**GIVEN INFORMATION**
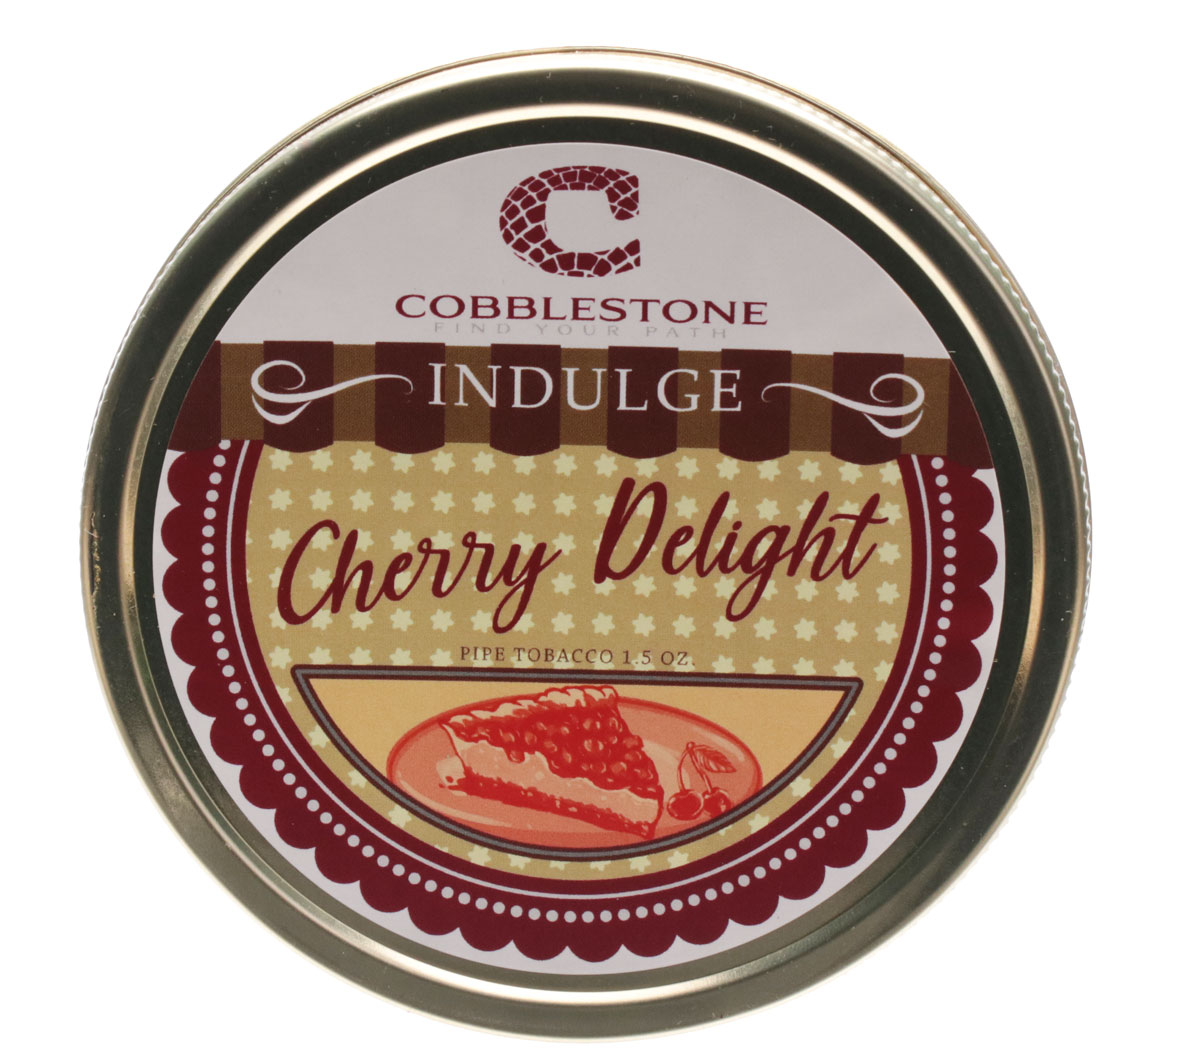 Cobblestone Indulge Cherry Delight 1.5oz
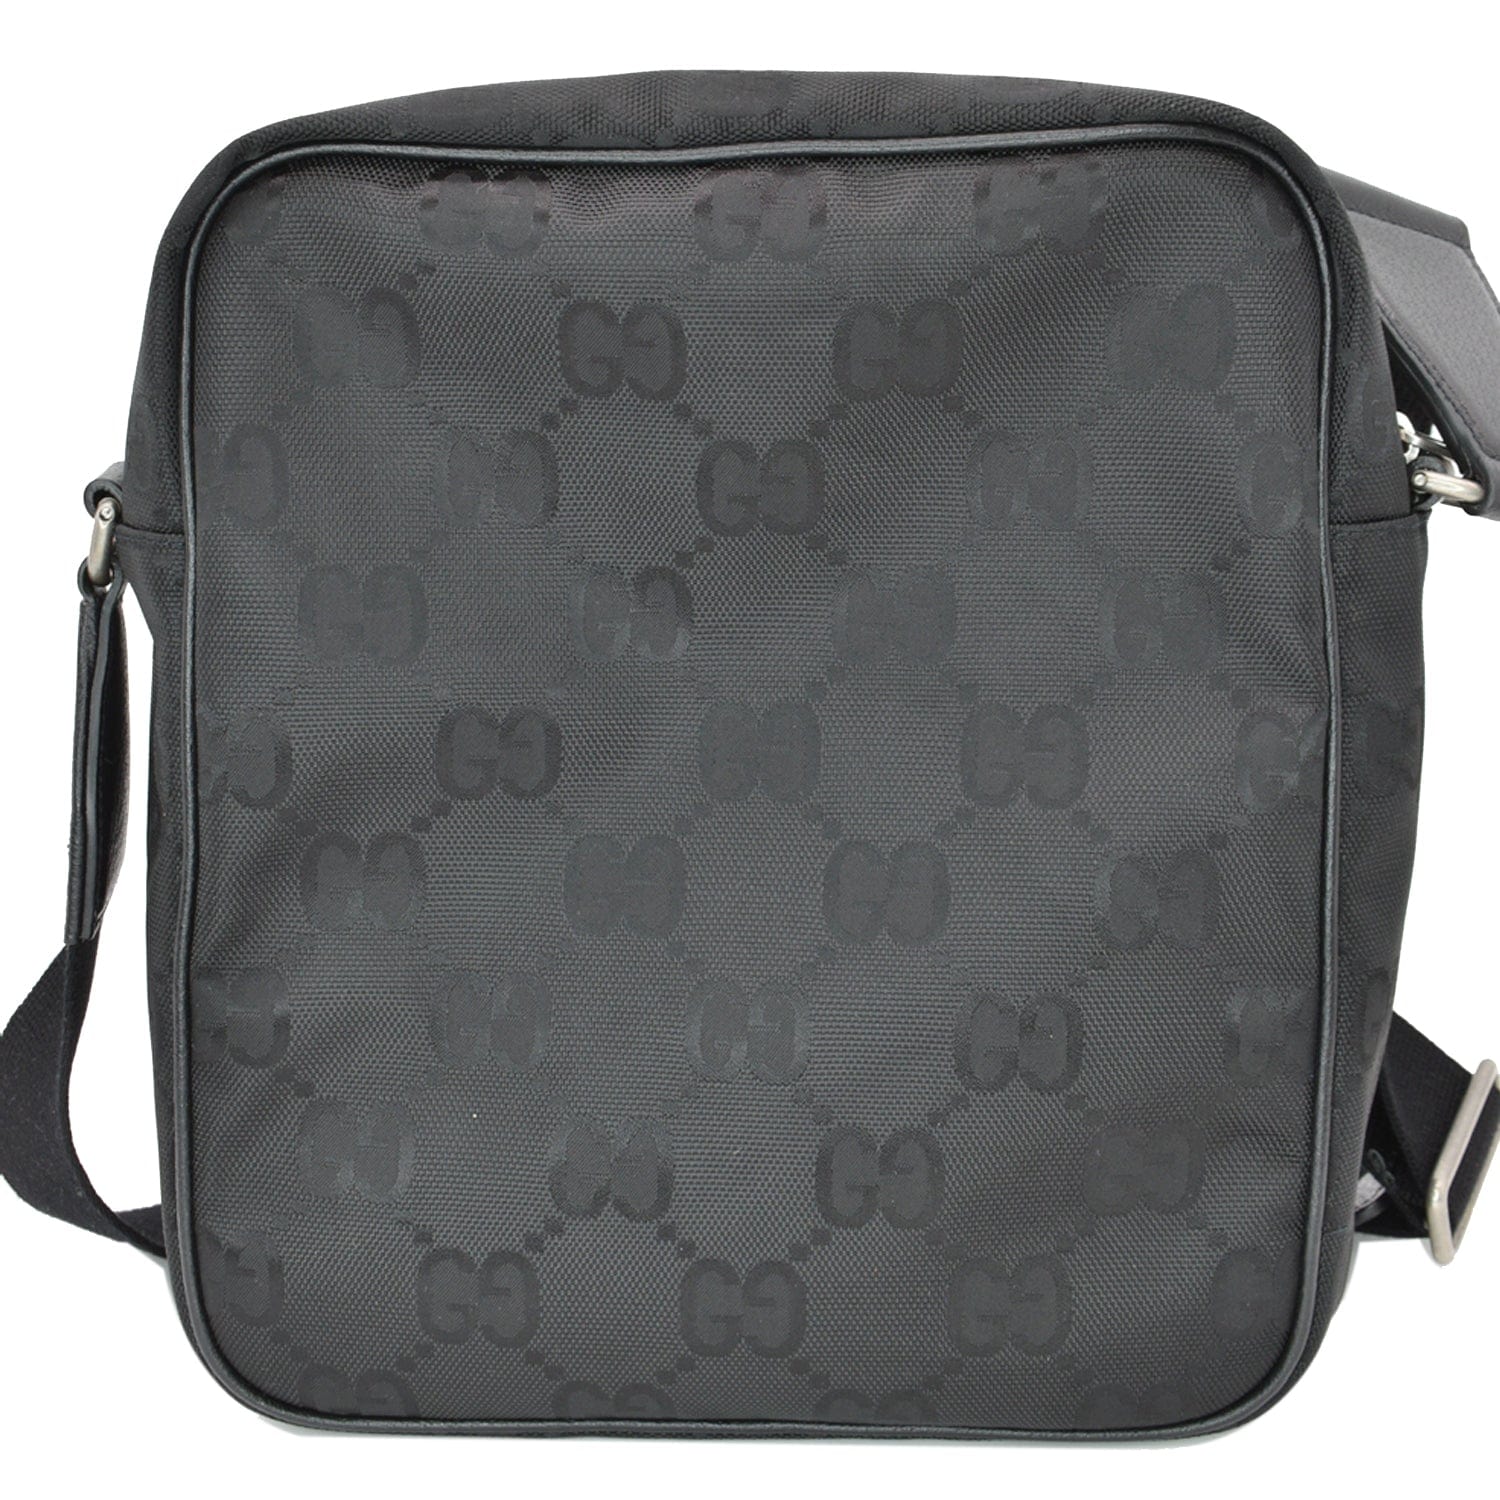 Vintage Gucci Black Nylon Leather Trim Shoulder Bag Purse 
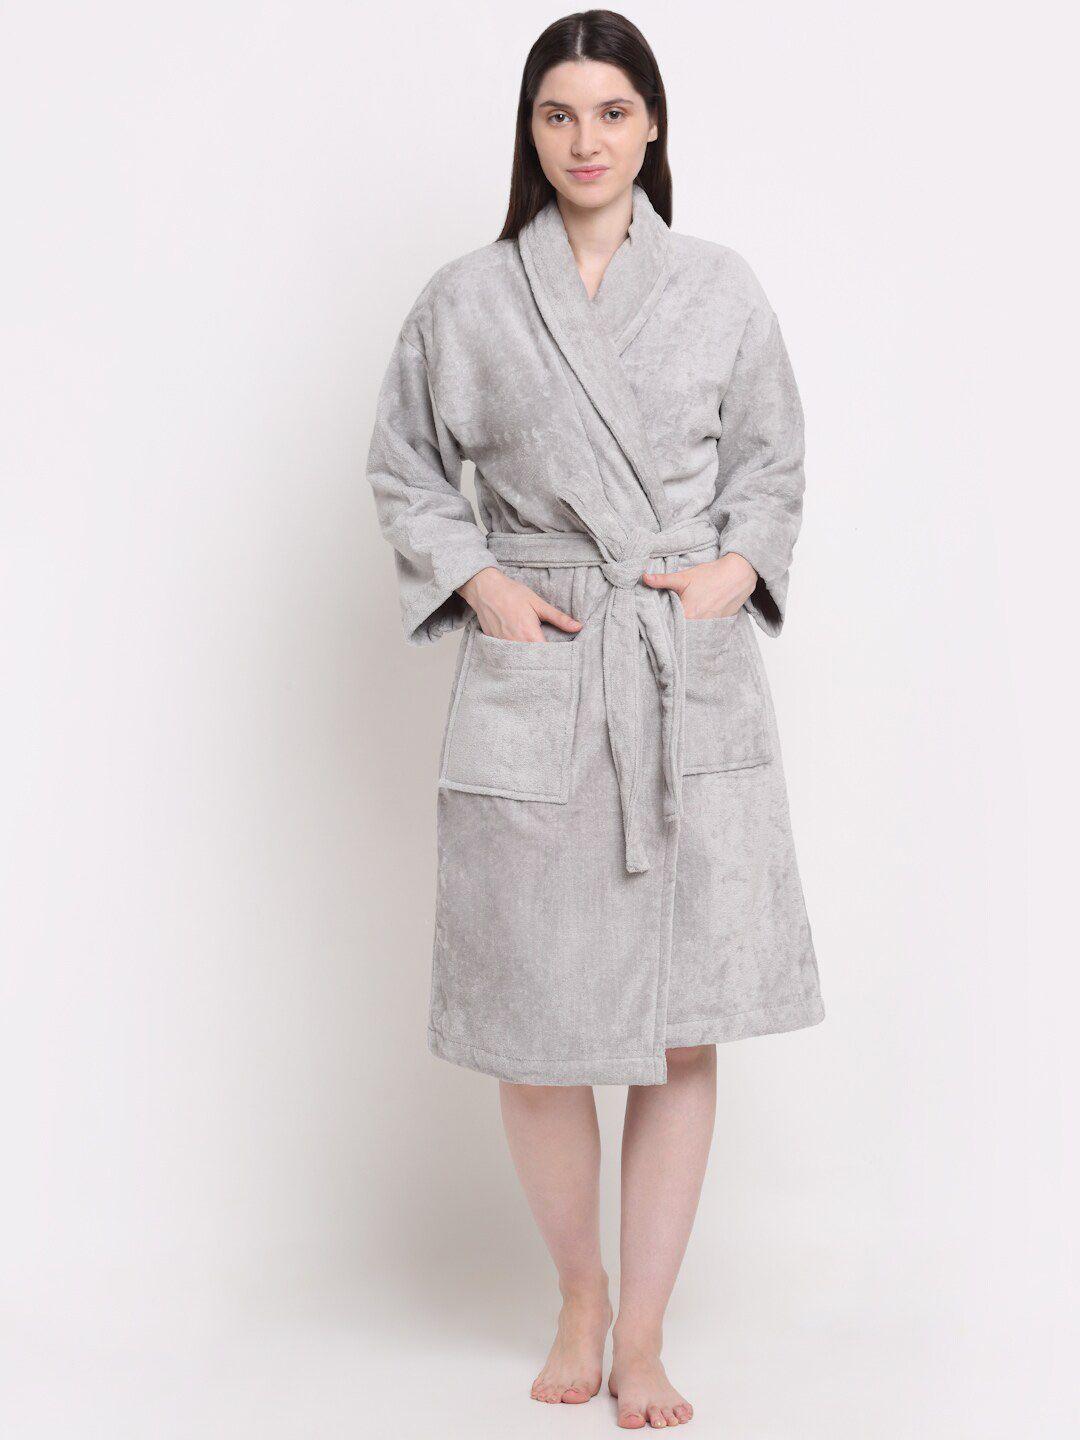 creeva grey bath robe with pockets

**WORK REQUEST**
Every line of the material should be repeated precisely; pictures are to be excluded.

**WRITTEN ANSWER**
 Cobblestone Indulge Cherry Delight 1.5oz
 Vintage Gucci Black Nylon Leather Trim Shoulder Bag Purse 
 creeva grey bath robe with pockets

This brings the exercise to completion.